Similar rules for DBpedia (Music fragment):
$ ./tools/amie-to-clauses.py data/music_mte10_5k/rules/music_2015-10_mte10-rules.txt -B 100 -C 0.8
<http://dbpedia.org/ontology/musicalArtist>(X0, X1) :- <http://dbpedia.org/ontology/musicalBand>(X0, X1)
<http://dbpedia.org/ontology/musicalBand>(X0, X1) :- <http://dbpedia.org/ontology/musicalArtist>(X0, X1)

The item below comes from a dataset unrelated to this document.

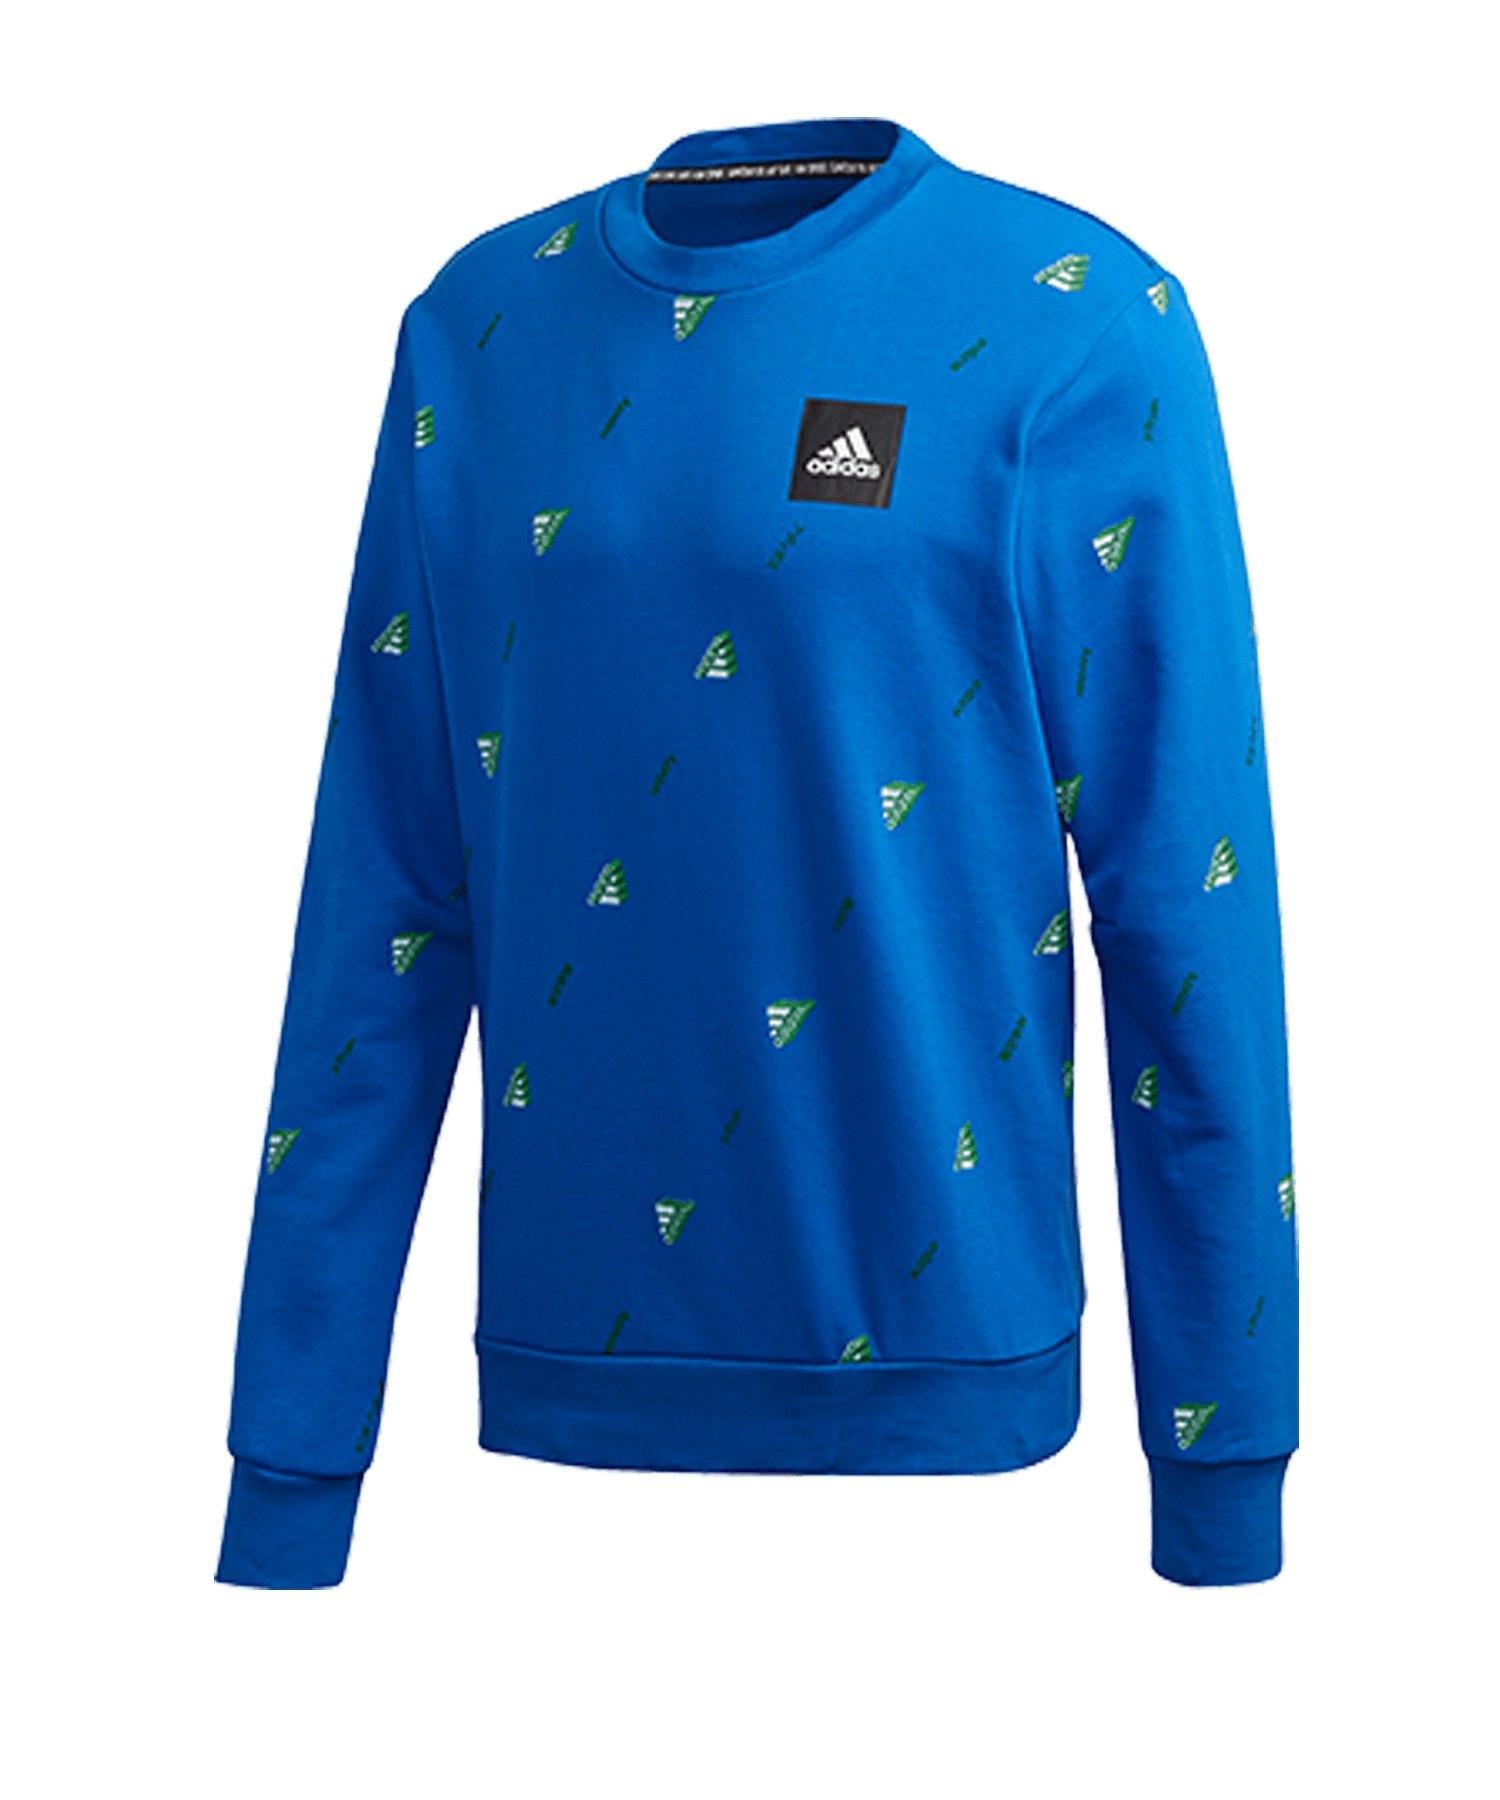 adidas Crew GFX Sweatshirt Blau Weiss - blau

<http://dbpedia.org/ontology/associatedBand>(X0, X1) :- <http://dbpedia.org/ontology/associatedMusicalArtist>(X0, X1)
<http://dbpedia.org/ontology/associatedBand>(X0, X2) :- <http://dbpedia.org/ontology/associatedBand>(X1, X0), <http://dbpedia.org/ontology/associatedMusicalArtist>(X2, X1)
<http://dbpedia.org/ontology/associatedBand>(X0, X2) :- <http://dbpedia.org/ontology/associatedMusicalArtist>(X1, X0), <http://dbpedia.org/ontology/associatedMusicalArtist>(X2, X1)
<http://dbpedia.org/ontology/associatedMusicalArtist>(X0, X1) :- <http://dbpedia.org/ontology/associatedBand>(X0, X1)
This dataset (extracted from an older version of DBpedia) was also used here (an application of RESCAL for querying probabilistic KBs): http://iswc2015.semanticweb.org/sites/iswc2015.semanticweb.org/files/93660577.pdf
Datasets from Guo et al.'s EMNLP16 paper (thanks @rockt) are available here: https://github.com/uclmr/inferbeddings/tree/master/data/guo-emnlp16
Note - Experiments on FB15k can be a bit slow (take several hours); e.g. try this:
Consider using other datasets, e.g. YAGO or DBpedia.